Comment by teenmom | 2010-03-06

May be you are somewhat right. I do agree with you on one point completely: the parents rarely set a good example to their kids. Unless the parents learn to live together forever to show that living together and having true love is much more important than enjoying sex daily, we cannot reduce the frequency of teenage pregnancies!

Comment by Carol2000 | 2010-03-06

I think we parents need to understand our kids better. The author hits home about we not giving the attention to our kids even though most of us yearned for it when we were teens! The "baby boomers" ruined the western culture and those are ones who are sufferring the most from the behavior of their kids!
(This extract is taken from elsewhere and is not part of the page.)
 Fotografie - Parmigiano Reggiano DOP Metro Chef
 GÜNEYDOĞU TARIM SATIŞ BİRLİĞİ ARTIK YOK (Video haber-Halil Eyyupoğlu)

Comment by teenmom | 2010-03-06

wow! That was a quick reply Carol2000!
You are right - the baby boomers were and are the main cause. I know a baby boomer dad who brags to his sons about the number of girls he slept with when he was a teen. What do you think his sons do now? I am not of the baby boomer generation and I am starting to feel the pressure my kids are at school to prove themselves these days. Unless we admit our own wrong doings and practices we cannot reform our kids by simply lecturing them day in and day out! I agree that our kids are smart who would set a better example for their own kids than the baby boomers did! In fact the phrase baby boomers says it all.

Comment by Carol2000 | 2010-03-06

When I happened to see your comment come in while I was reading on this site, I could not resist myself adding my own thoughts! Hug ya!!

Comment by Joel | 2010-04-01

I hold the parents the most responsible for teenage pregnancies. Most parents simply do not know how to be friends with their kids. If the only talk the parents have with their kids is to give a lecture would the kids listen to them? The kids are responsible too, but in my view the parents are much more.